Table of Contents for Suddenly, the Sight of War
1.Part I: Hebrew Symbolist Poetry During World War II
The first part focuses on the struggle of the poets of the Hebrew symbolist school in Eretz-Israel to represent the violence perpetrated against Jews in Europe at the beginning of World War II. The overruling aesthetic approach of Hebrew symbolism transforms during the war into a national commitment, favoring the national symbol of the living-dead as a discursive tool. Nathan Alterman's Joy of the Poor, the most important book of poetry of the period, established itself as an ideological and poetic source of influence for many Hebrew literary works of the literary generation of the 1940s.
2.Part II: Historical Analogy and National Allegory During the Holocaust
This part focuses on the surprising manner in which Nathan Alterman dealt with the Holocaust in his book The Poems of the Plagues of Egypt (1944). The fact that Alterman fully internalized the annihilation of the Jewish people in Europe created a revolution in his patterns of poetic representation.
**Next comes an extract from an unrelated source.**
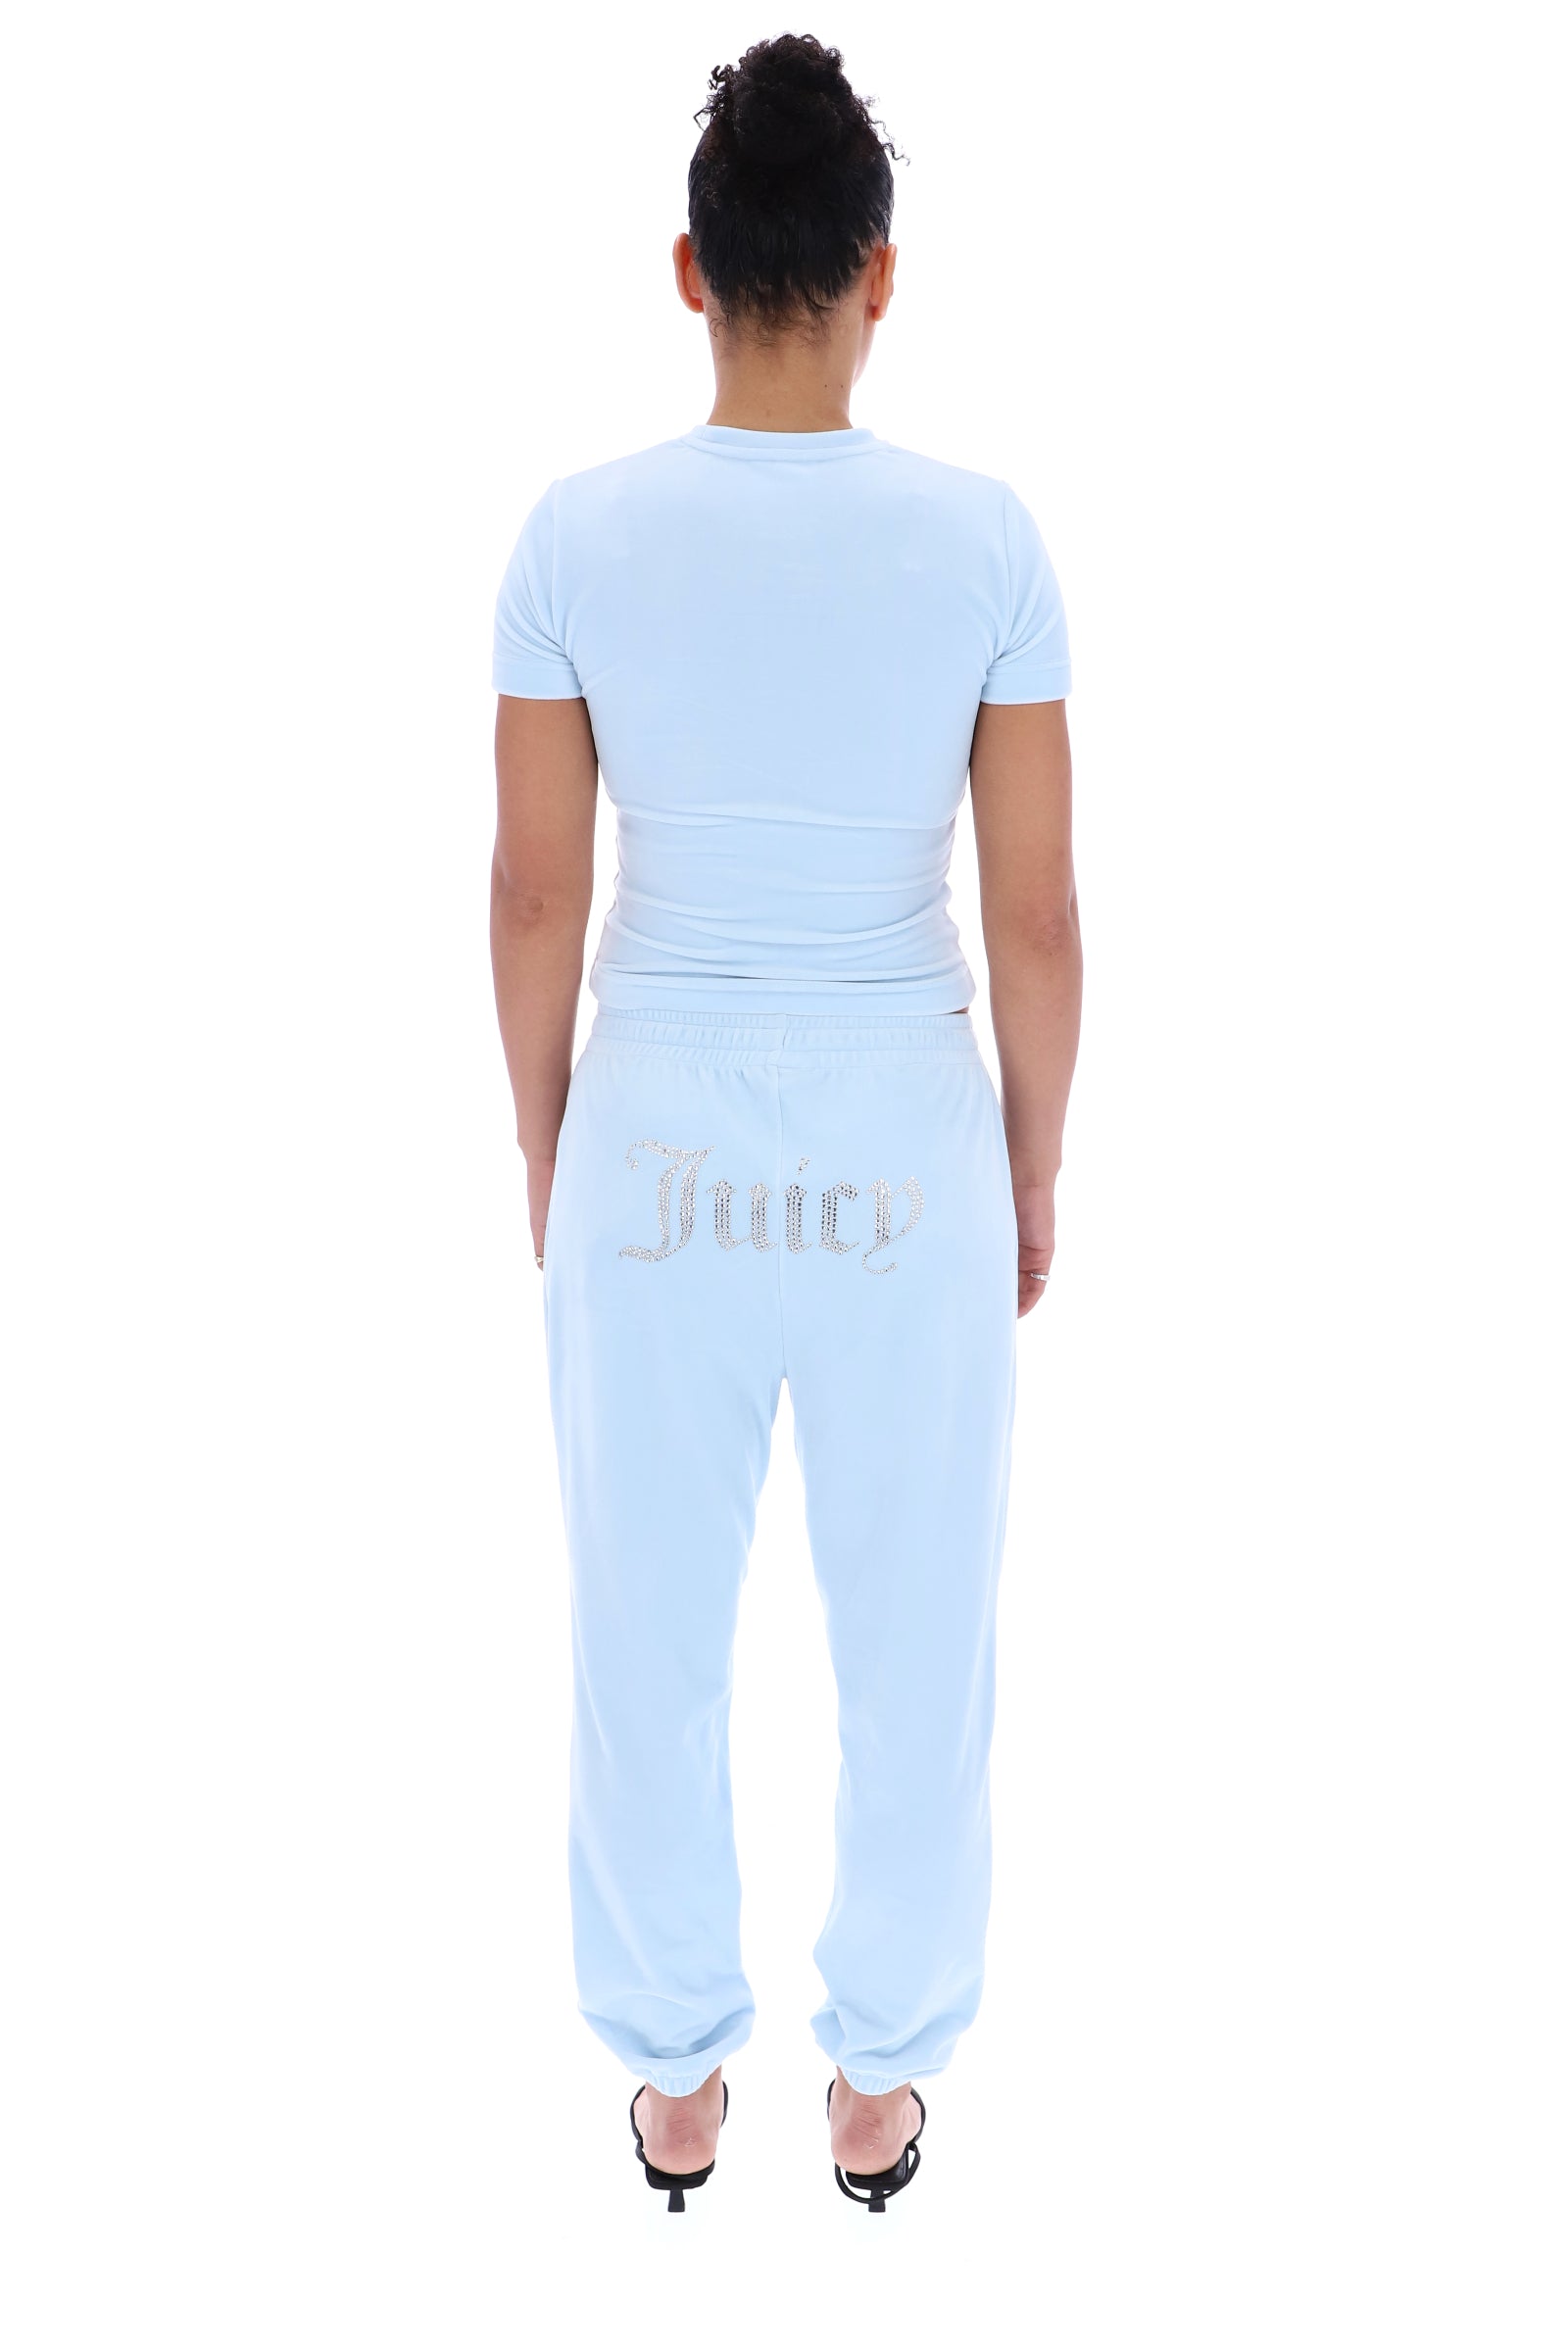 Juicy Couture T-shirt Donna VIJH70195 Breeze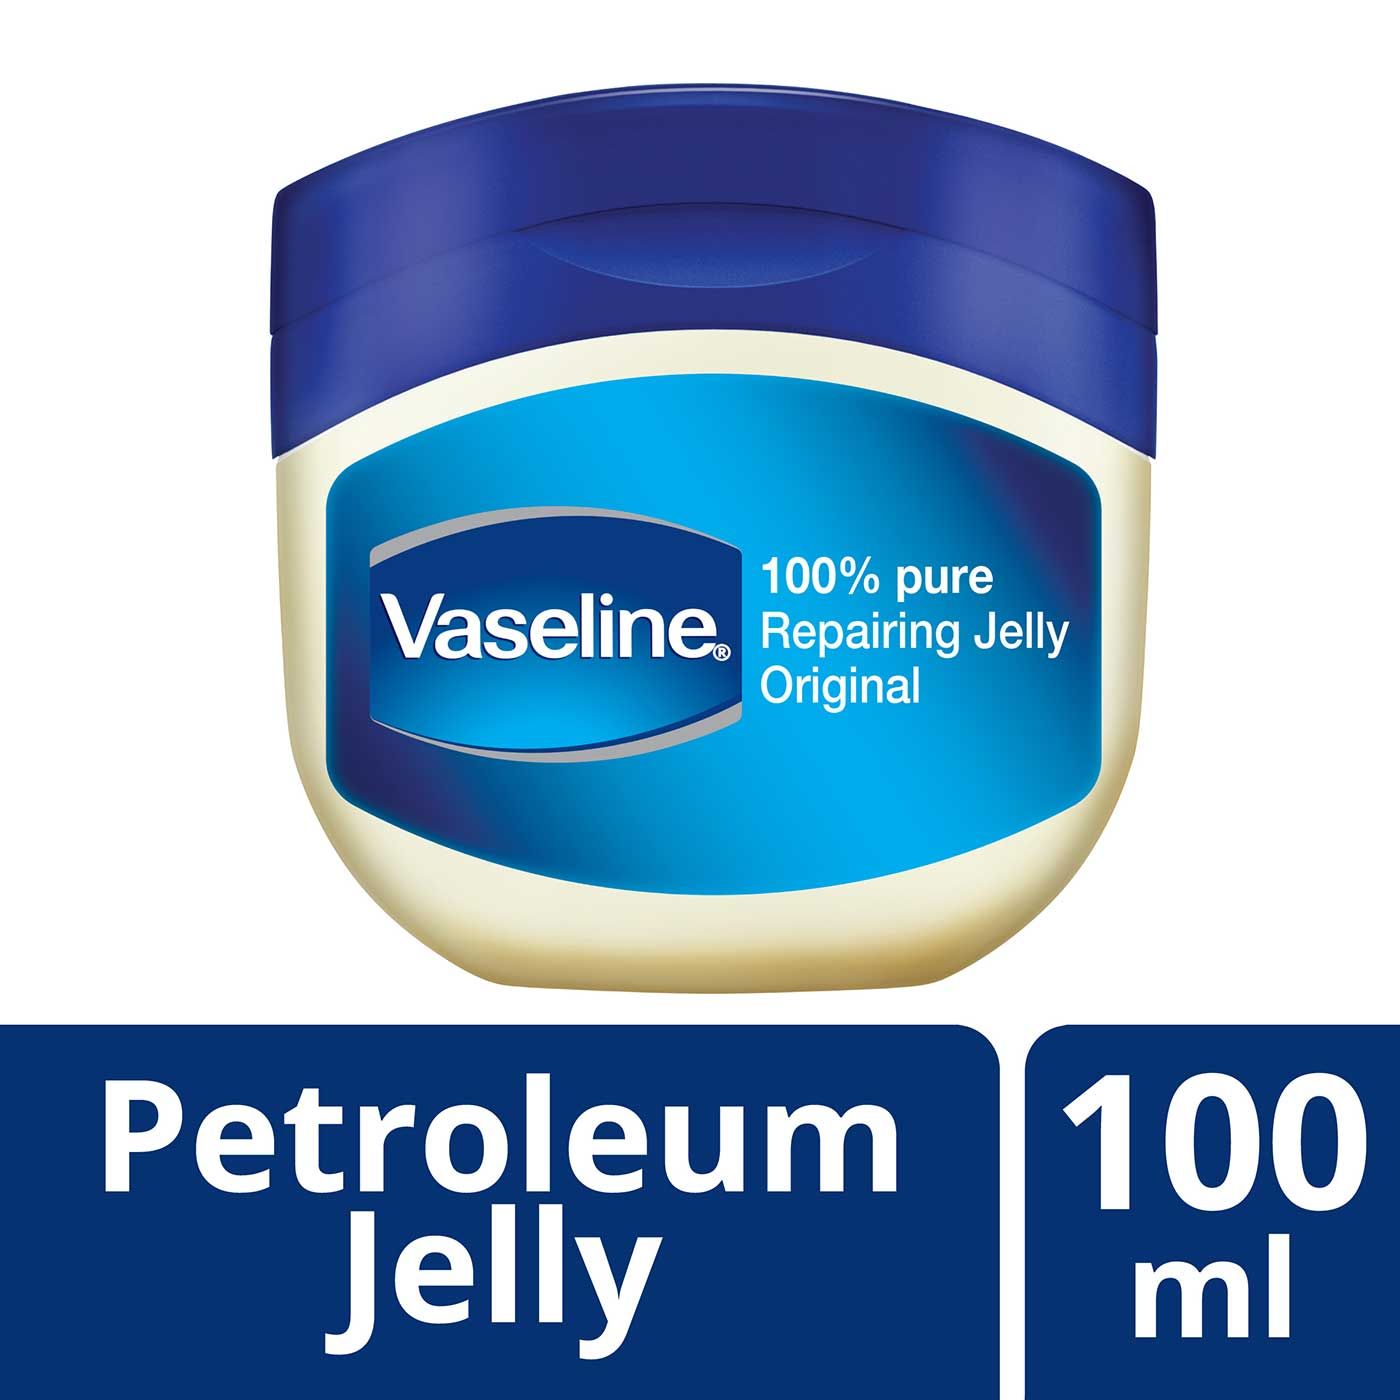 Vaseline Repairing Jelly Original 100ml - 1

By writing The Poems of the Plagues of Egypt Alterman changed his poetics dramatically—from one dominated by the symbol to one dominated by allegory.
3.Part III: Symbols of Death in the National War for Independence
During World War II and right after, there was a noticeable effort by some members of the symbolist school led by Avraham Shlonsky to return to what had been the dominant nationalist symbolism. Influenced by a labor-movement culture, these writers and other artists produced images of national sovereignty during the war and in its wake. This part of the book includes a detailed discussion of the political and literary relationships between war reportage and war poetry, as well as an analysis of women's war poetry and the way it uses representations of the human body to subvert the hegemonic literary representations of the war.